Das Hauptproblem ist, dass deine Katze eine höhere Futtermenge gewohnt ist, als sie fressen sollte. Und das ist nicht nur eine psychische Sache. Der Körper der Katze vertraut darauf, die gewohnte Nahrungsmenge zu bekommen und reagiert mit kleinen Streiks, wenn du von einem Tag auf den anderen die Futtermenge merkbar reduzierst.

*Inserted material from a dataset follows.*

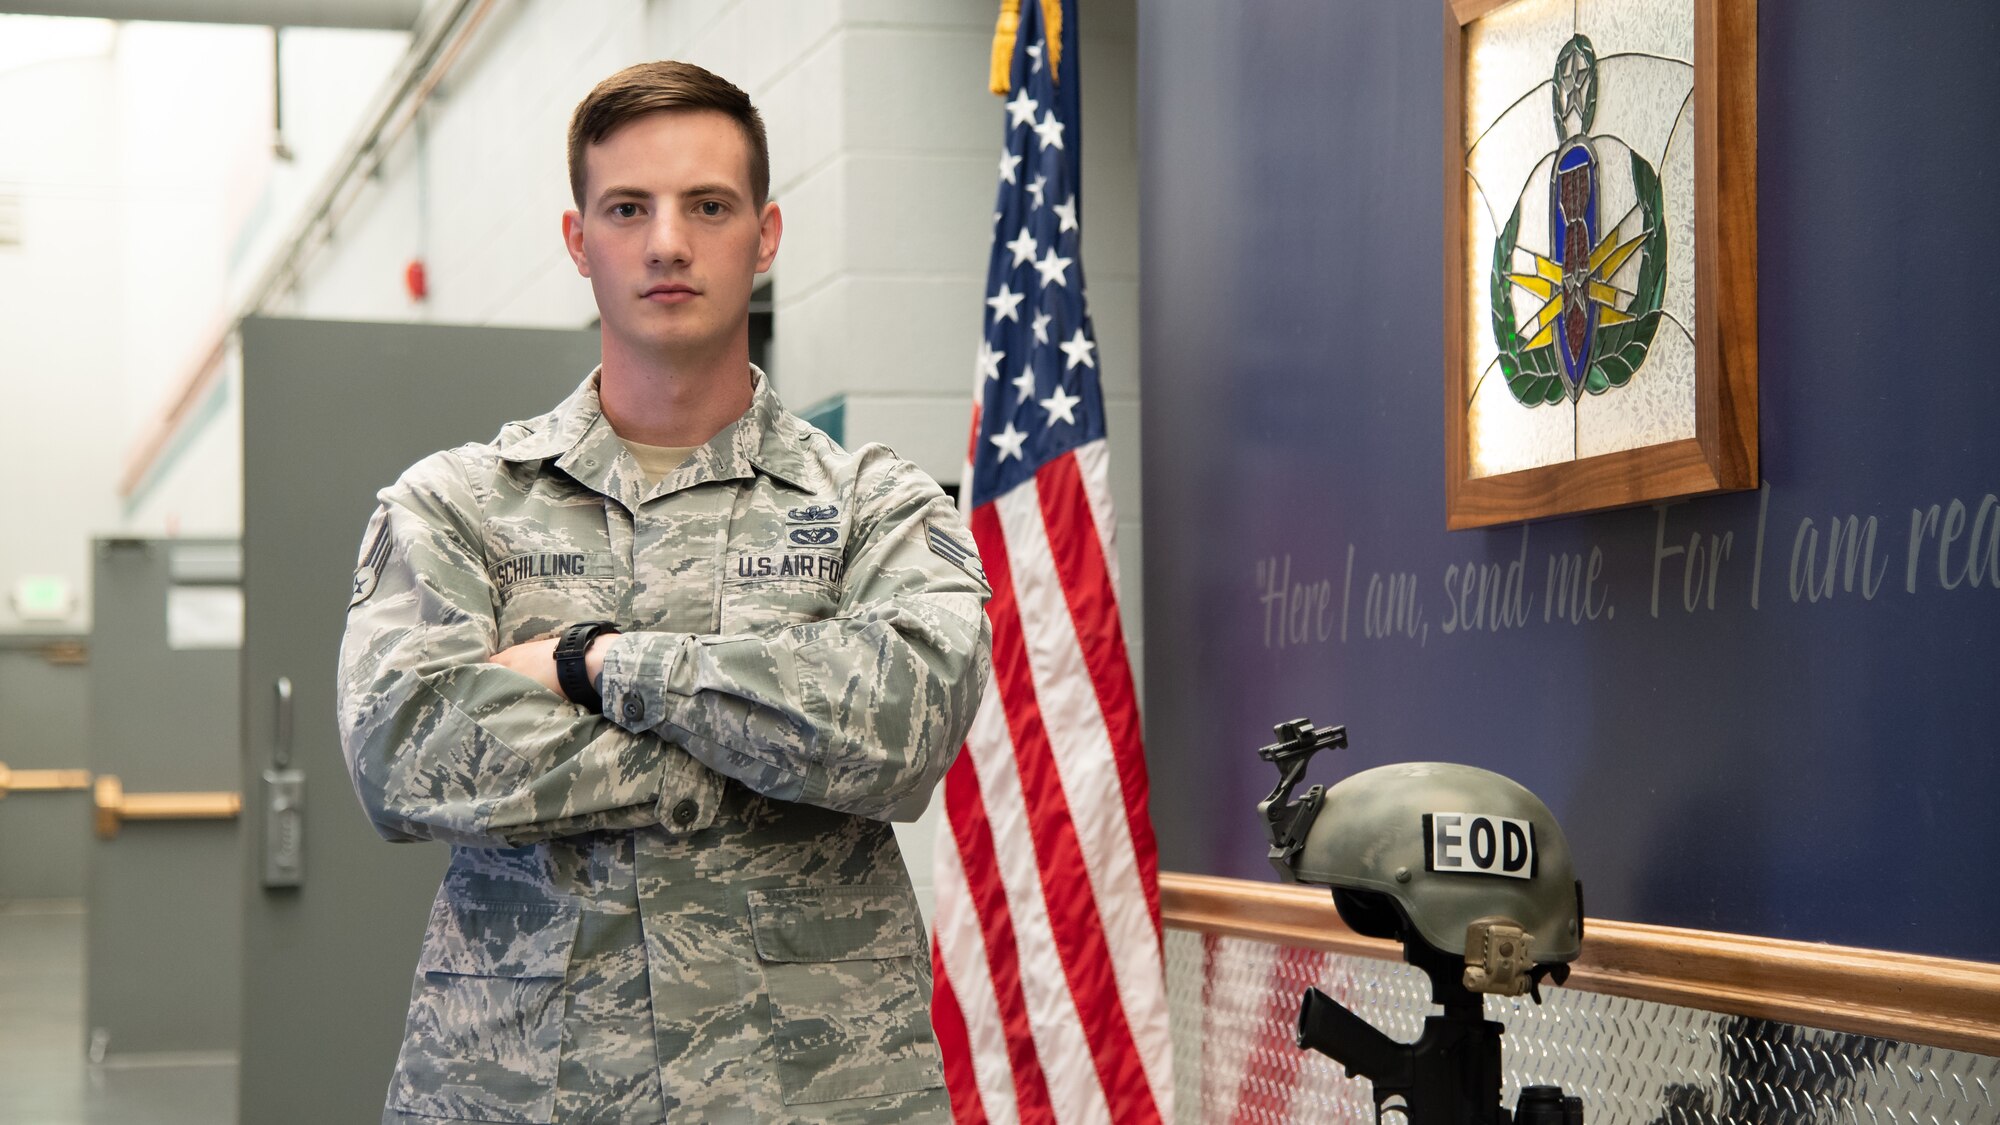 Senior Airman Patrick Schilling, an explosive ordnance disposal technician at Hill Air Force Base, was recently named one of the Air Force's 12 Outstanding Airmen of the Year. Annually, the Air Force selects 12 enlisted Airmen from various career fields based on superior leadership, job performance and personal achievements. (U.S. Air Force photo by R. Nial Bradshaw)

Daher sollte innerhalb von vier bis sechs Wochen die Futtermenge auf das Soll reduziert werden, indem du jede Woche einen Esslöffel Futter mehr weglässt.

Schreibe deinen Wochenplan bitte auf, sodass du nachvollziehen kannst, ob du dich selbst daran hältst.

Beispiel:
Futter gefüttert im Moment: 400g pro Tag
Futtersoll in 6 Wochen: 200g
Woche1: 370g
Woche 2: 340g
Woche 3: 300g
Woche 4: 270g
Woche 5: 240g
Woche 6: 200g

Schritt 4: Bewegung für die Katz'
Zusätzlich zu dem Diät-Programm, wirkt es sich positiv auf deine Katze aus, wenn sie sich bewegt. Wie jedoch kriegt man einen faulen Stubentiger dazu, sich mehr zu bewegen?
  • Mehr Spielen: Animiere deine Katze öfter zum Spielen. Bindfäden, Fellmäuse und so weiter sind deine Freunde! ;)
  • Mehr Denken: Fummelbretter sind ebenfalls ein gelungener Ansatz, die Katze sinnvoll vom Dösen abzuhalten. Denk jedoch daran, die Futtermengen, die du ins Fummelbrett steckst, von der Tagesration abzuziehen, damit das Diätprogramm wirksam ist.
  • Mehr Action: Draußen ist es spannender als drinnen. Wenn du die Möglichkeit hast, öffne die Tür und setze den Tiger vor die Tür. Draußen bewegt er sich zwangsläufig mehr, weil da viel mehr ist als eine warme Heizung mit einem warmen Kissen drauf....

Viel Erfolg beim Abnehmen-Helfen wünscht dir das Katzen-Infos Team!